Neha Desai, an attorney with the National Center for Youth Law who represents migrant children in a landmark court case, said the HHS guidance would ensure girls in federal care “won’t suffer the added trauma of being denied abortion because they It happens to have been placed in a state that is hostile to their rights.”

“These young people, like everyone else, should have access to abortion and reproductive health care,” Desai said. “I have spoken to hundreds of detained young people who have survived unimaginable trauma, including gang raped girls, and girls who, for a variety of reasons, have decided not to terminate pregnancies for them. It’s good.”

The latest HHS guidance expands on rules issued last October in response to a Texas law that makes most abortions after six weeks of pregnancy illegal. The October 2021 guidance directed officials to refrain from placing pregnant migrant girls in Texas shelters in general, and to relocate to other sites already in the state.

Access to abortion services for migrant children in US custody became a political flashpoint during the Trump administration, which in March 2017 issued a directive prohibiting asylum officials from providing child abortion facilities without approval from the director of the Office of Refugee Resettlement. given.

Scott Lloyd, who headed the refugee agency from March 2017 to November 2018, denied multiple requests for abortions for migrant girls in US custody, citing Trump policy, court documents said. She added that shelter officers can only provide “pregnancy services and life-affirming option counselling” to pregnant girls.

One of the abortion requests denied by Lloyd was from a 17-year-old migrant girl who had repeatedly requested abortions while in US care after being raped in her home country. In his denial, Lloyd concluded that abortion was not in her “best interest,” adding that it “would not undo or erase the memory of the violence committed against her.”

“We cannot be a place of refuge while being at the same time a place of violence,” Lloyd wrote in a December 2017 memo. “We have to choose, and we must choose to protect life rather than destroy it.”

The American Civil Liberties Union challenged Lloyd’s refusal and the Trump administration’s abortion restrictions, which federal courts found violated the US Constitution. The legal defeat forced HHS to issue guidance in September 2020 that barred officials from interfering with abortion requests for migrant children.

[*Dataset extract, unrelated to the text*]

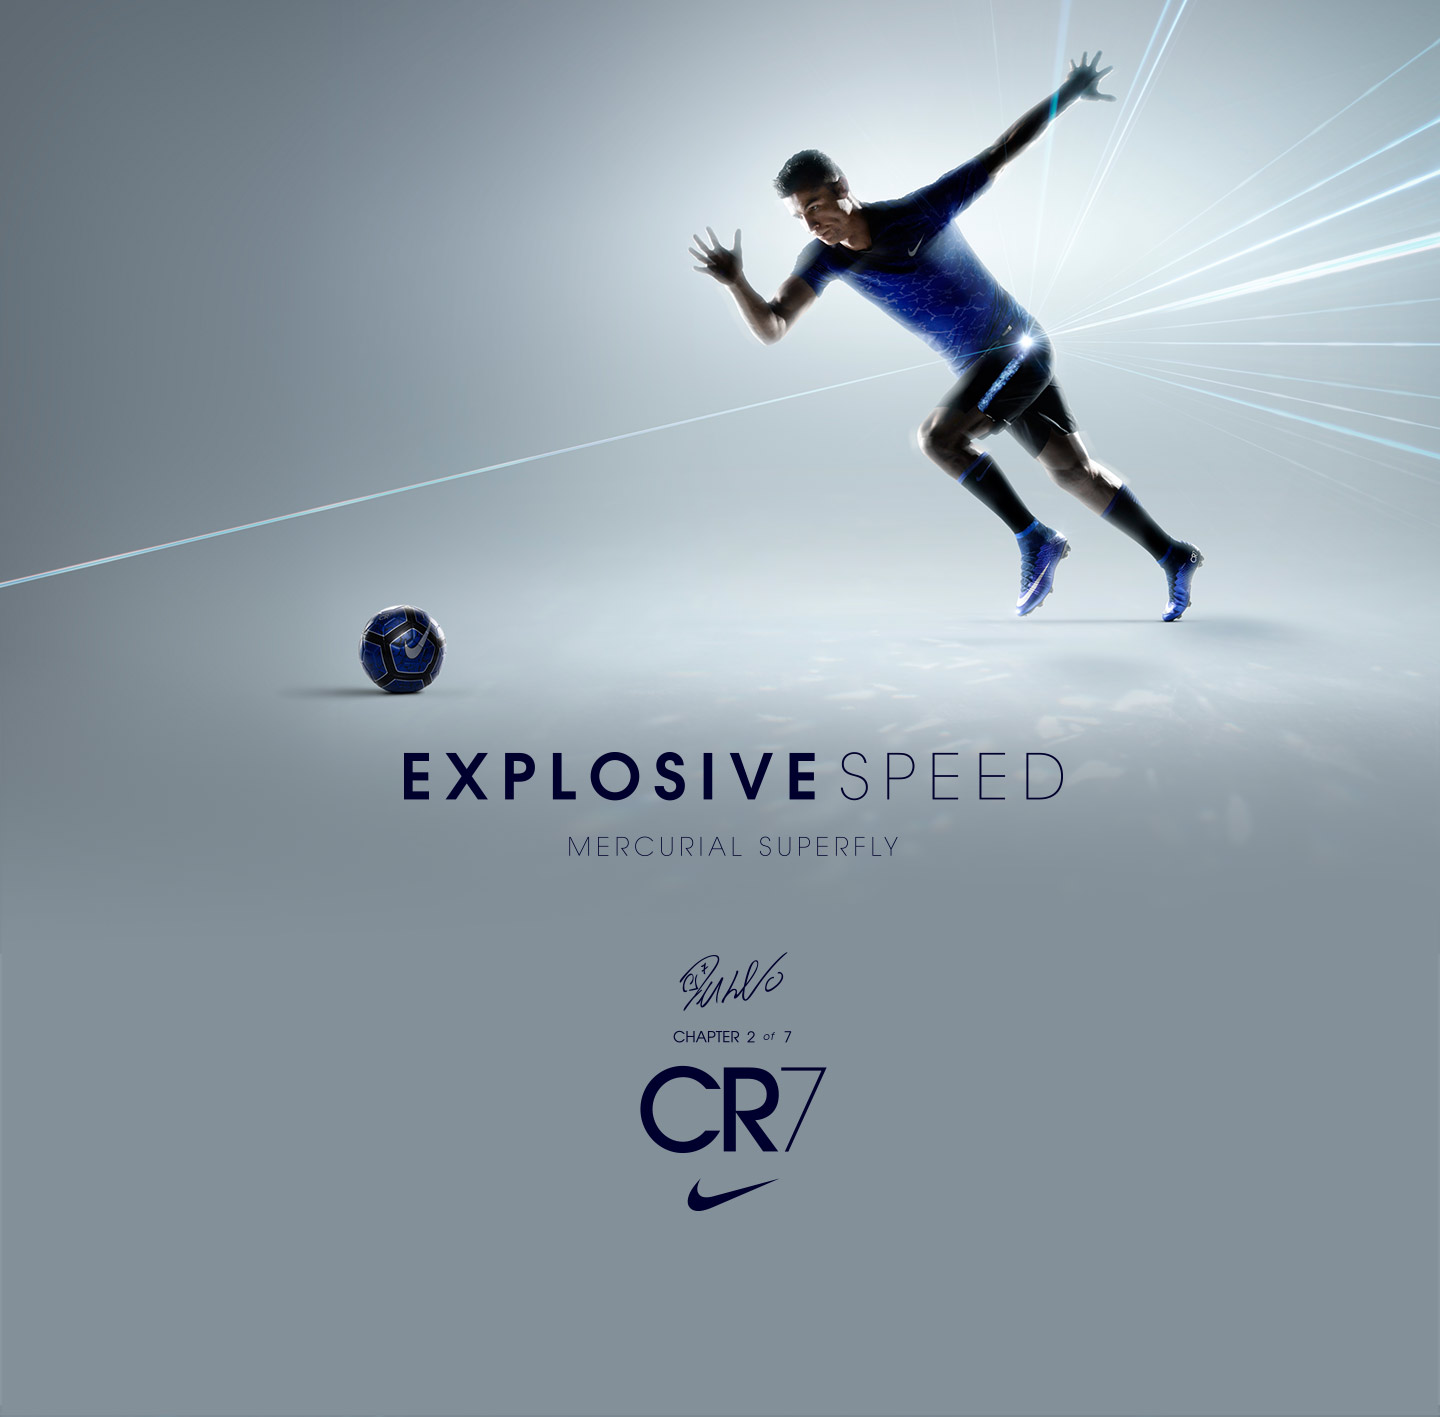 entrevista Extinto calcio Nike Explosive Speed CR7 - 11teamsports.sk

Brigitte Amiri, an ACLU attorney who challenged Trump abortion restrictions for migrant children, expressed concern that a future Republican administration could limit or prohibit abortions for single minors in federal care as her group’s lawsuit is now taking place. -Reverse cry v. Based on the Wade rule.

“It is indeed a delicate right that will hang in the balance in the next election,” Amiri said.

Amiri said access to abortion is particularly important for migrant children because some of them experience sexual assault on their travels to the US or their home countries, some of which consider abortion illegal.

“This is a population that has suffered a lot, and they need the ability to make decisions about their pregnancy when they are here in the United States,” she said.